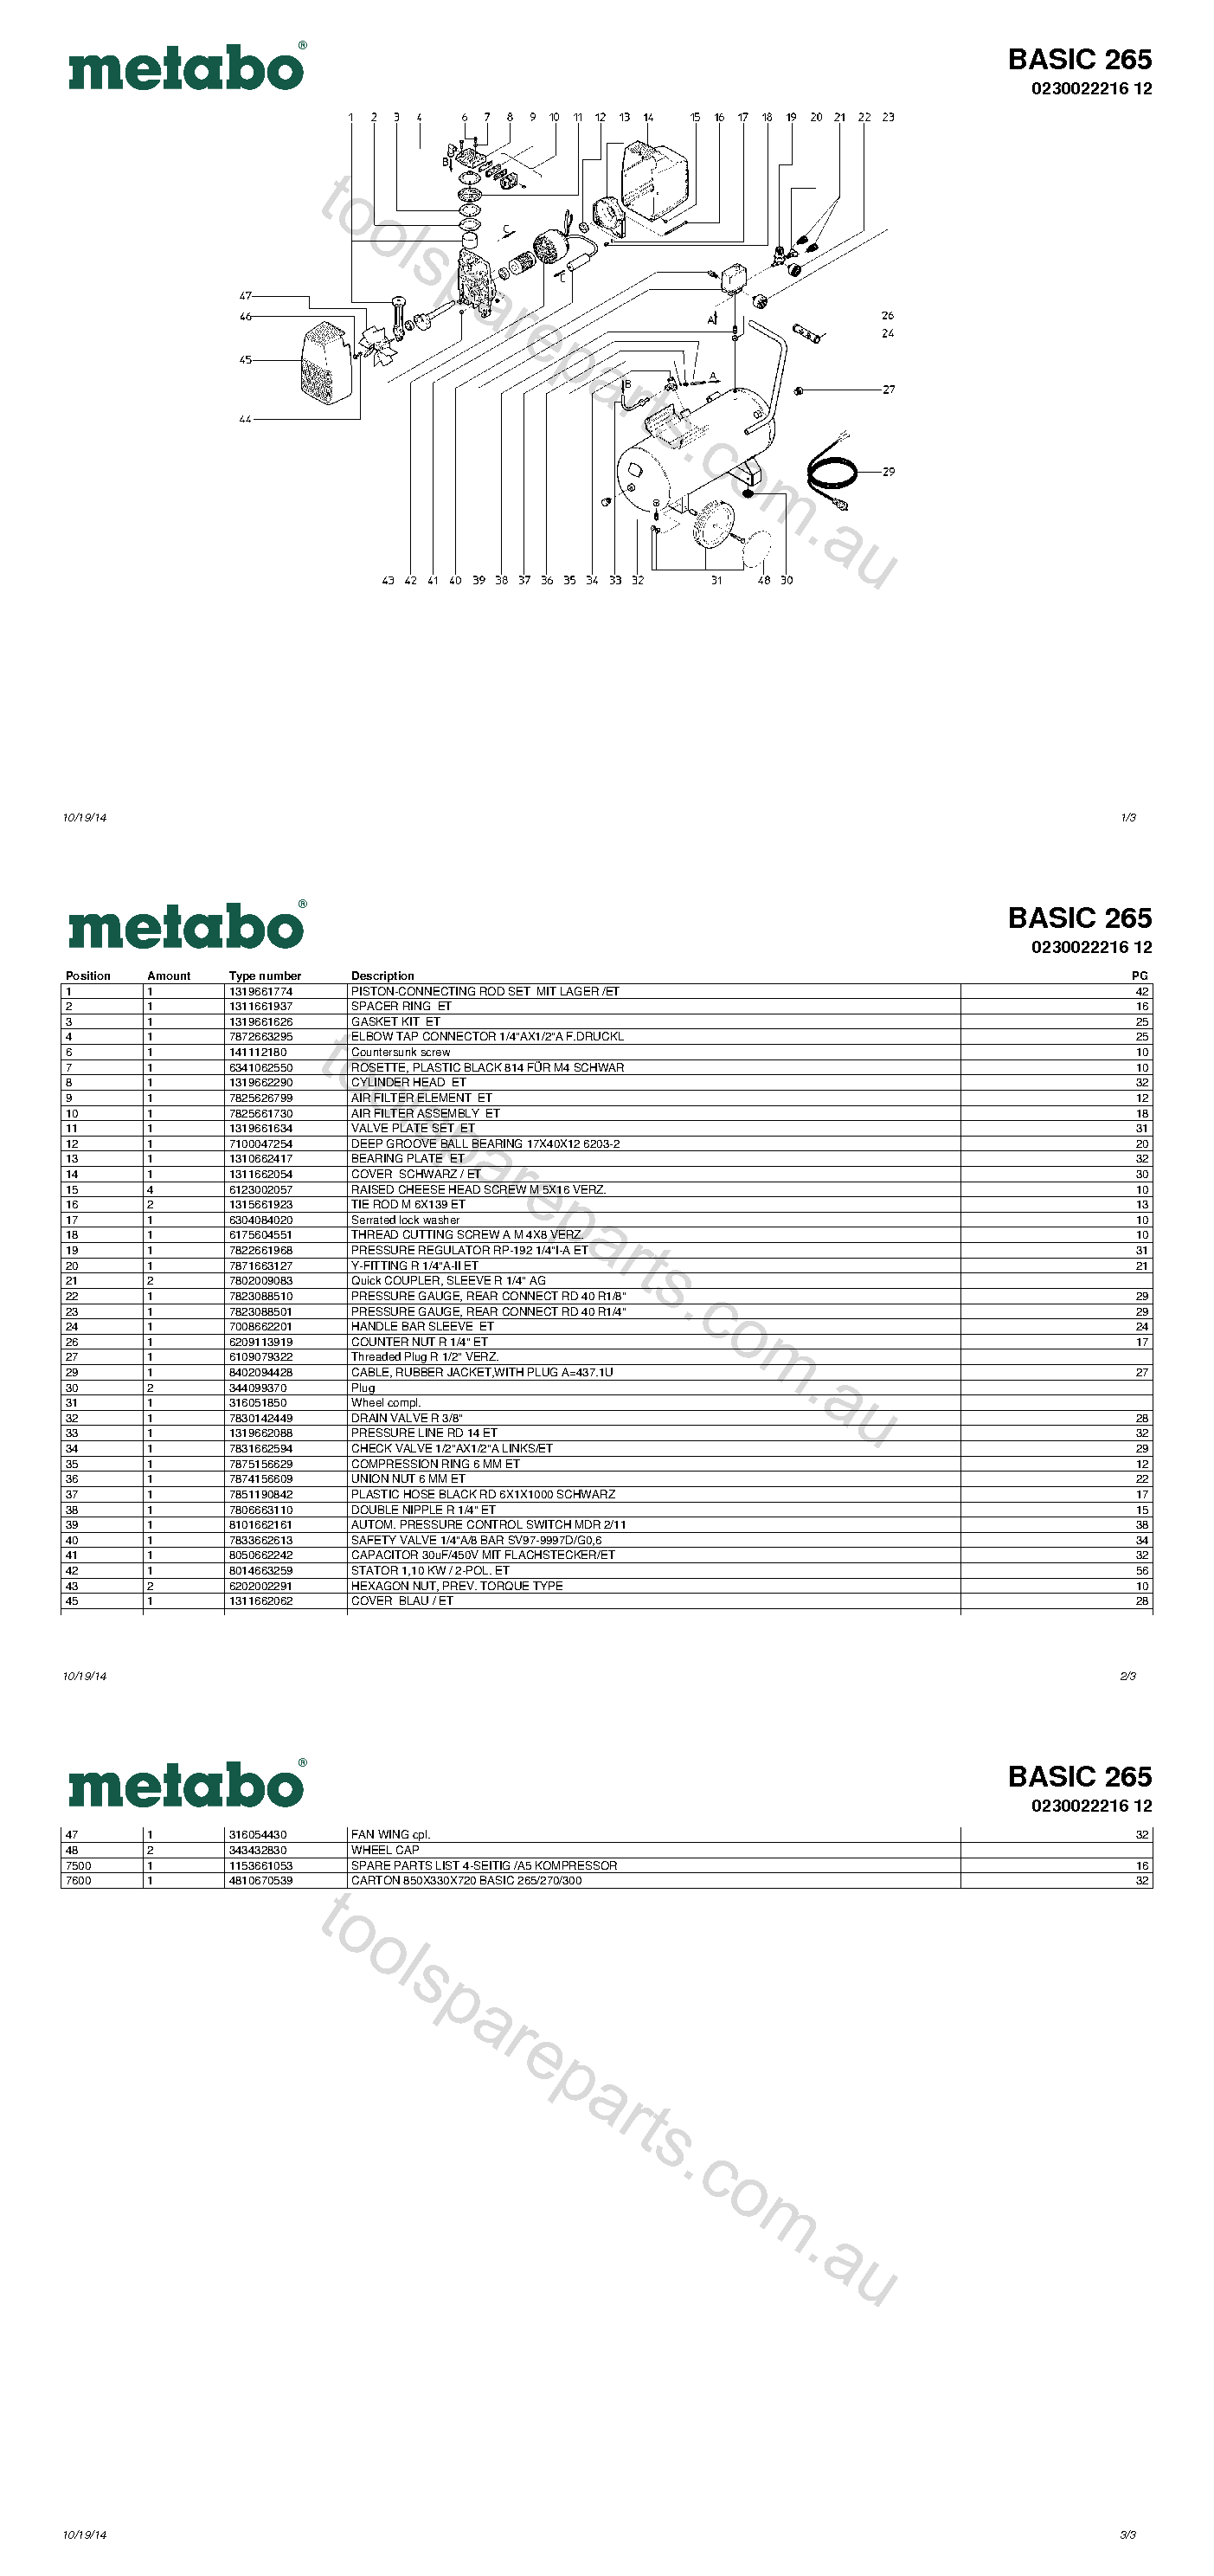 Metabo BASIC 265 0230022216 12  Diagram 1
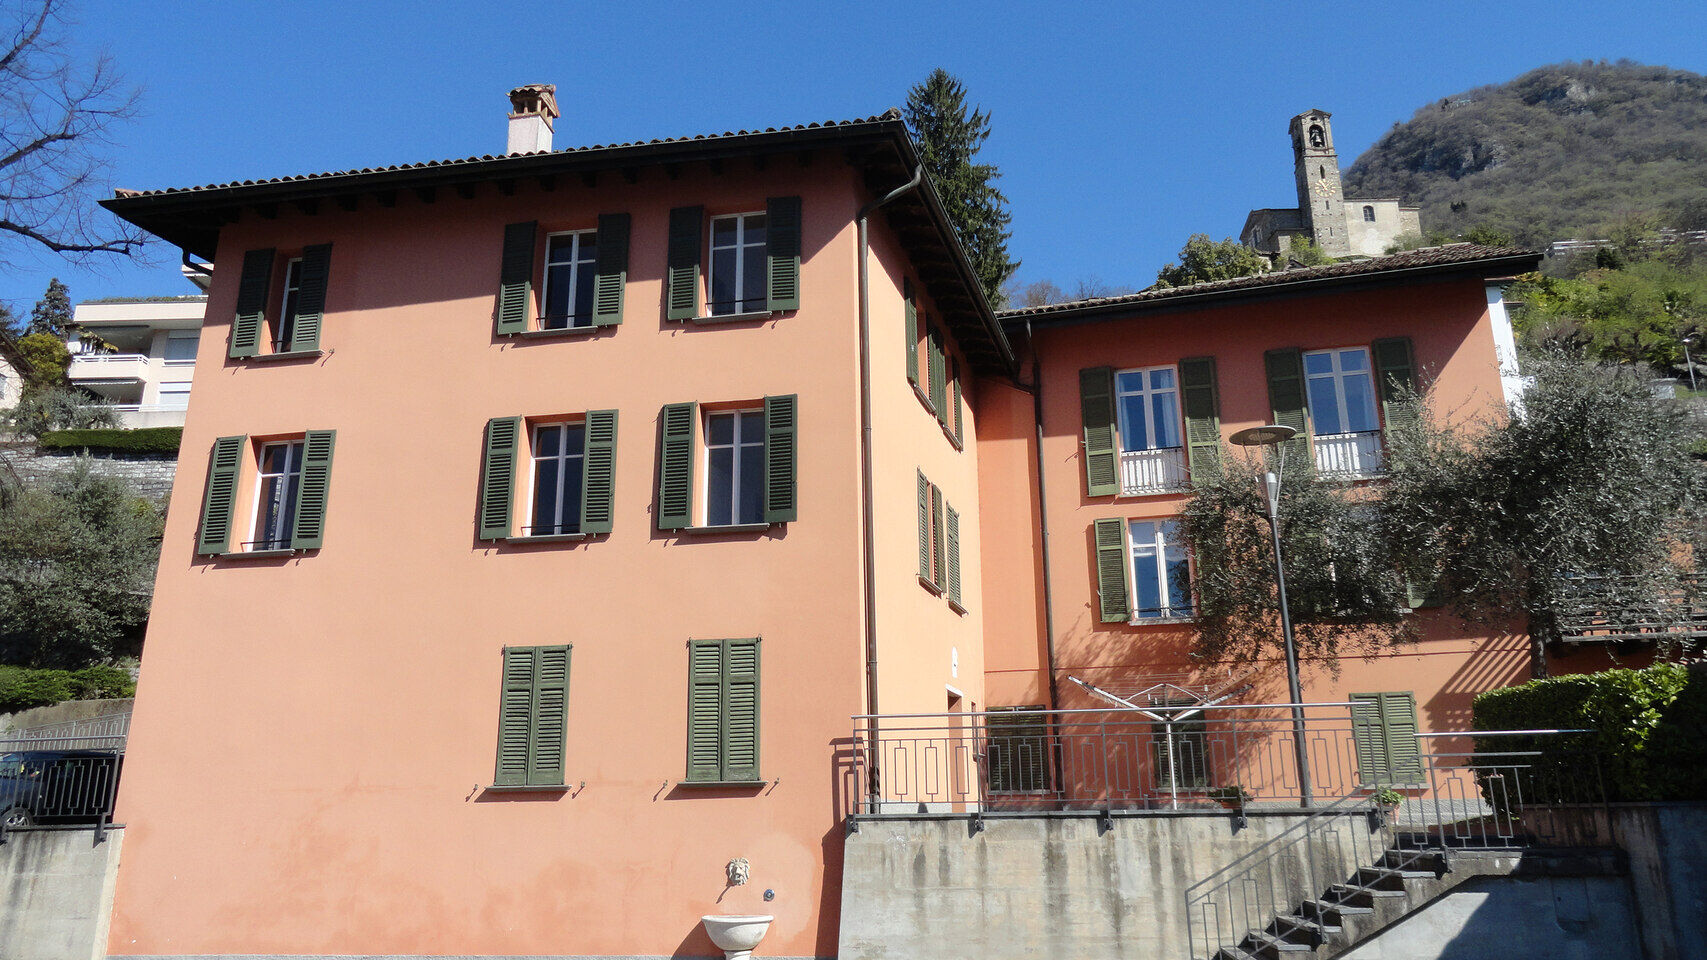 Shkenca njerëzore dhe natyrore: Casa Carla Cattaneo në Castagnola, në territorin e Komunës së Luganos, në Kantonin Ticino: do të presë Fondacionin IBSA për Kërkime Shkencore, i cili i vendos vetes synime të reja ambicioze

=======

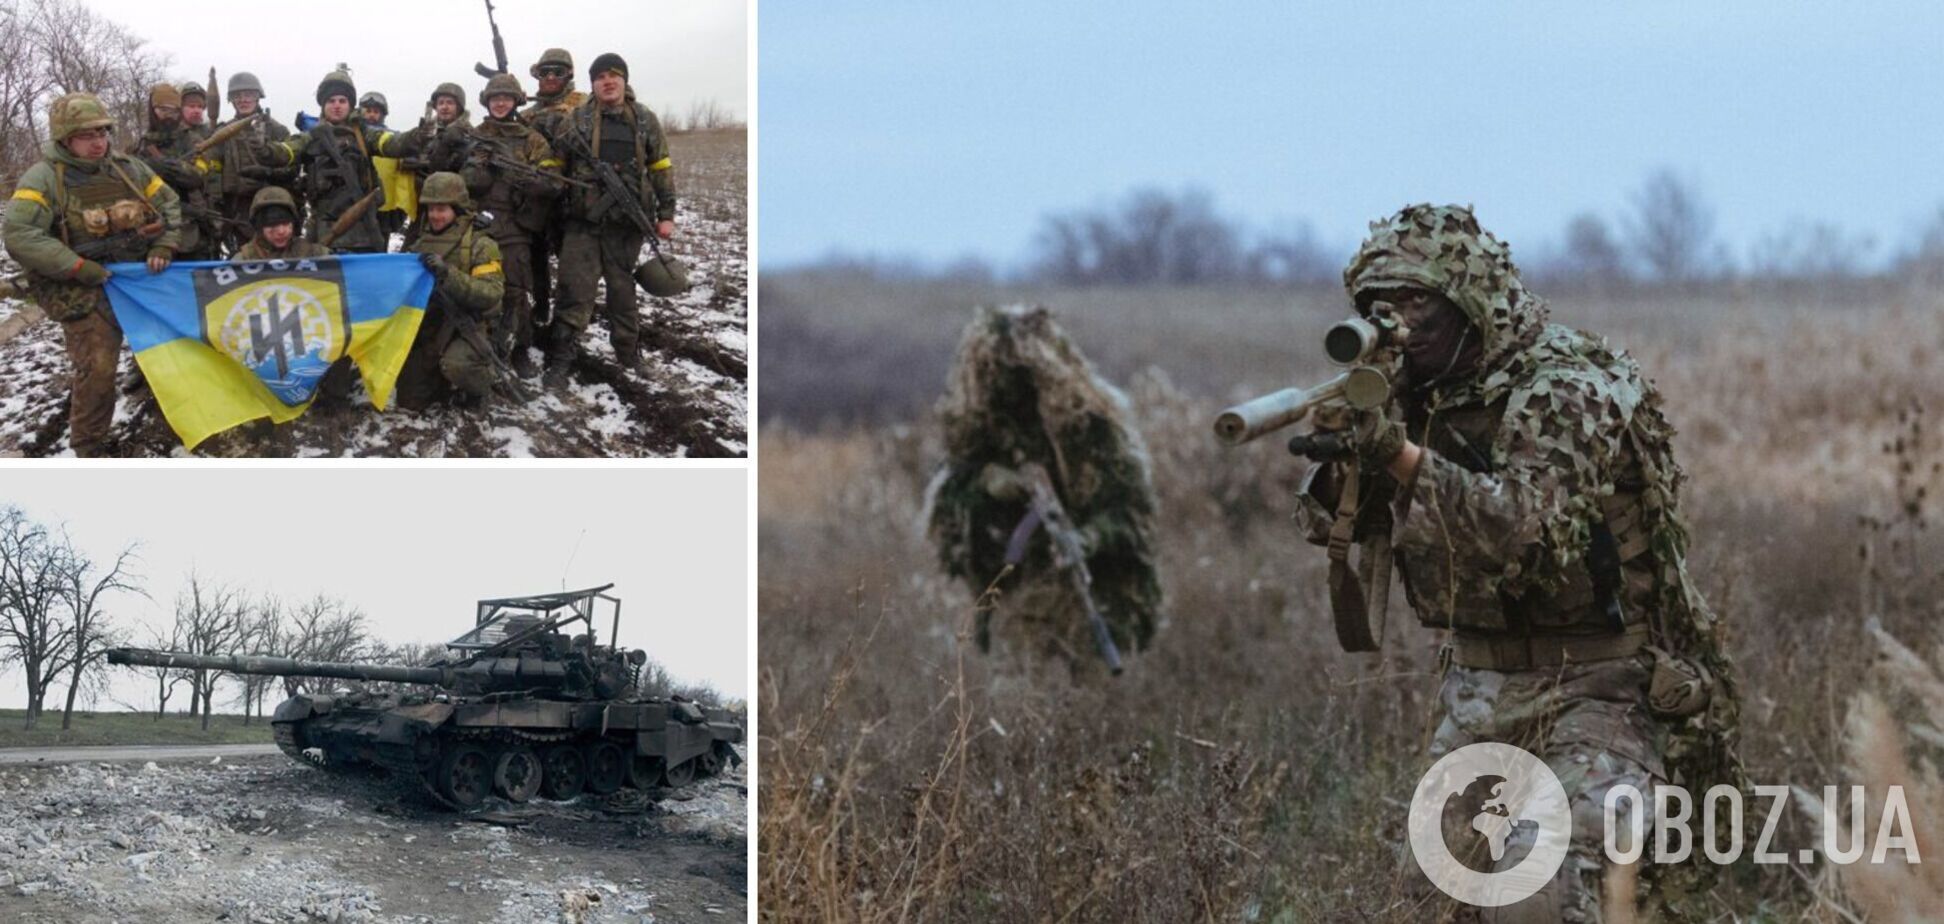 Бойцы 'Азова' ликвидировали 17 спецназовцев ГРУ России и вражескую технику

=======

* **Problem to solve**: Using the data above, set down each line from the line with "Metabo BASIC 265" to the line with "Shkenca njerëzore dhe" exactly, both ends included, and leave the pictures behind. Nothing else belongs.

* **Task result**:
 Metabo BASIC 265 0230022216 12  Diagram 1
 Shkenca njerëzore dhe natyrore: Casa Carla Cattaneo në Castagnola, në territorin e Komunës së Luganos, në Kantonin Ticino: do të presë Fondacionin IBSA për Kërkime Shkencore, i cili i vendos vetes synime të reja ambicioze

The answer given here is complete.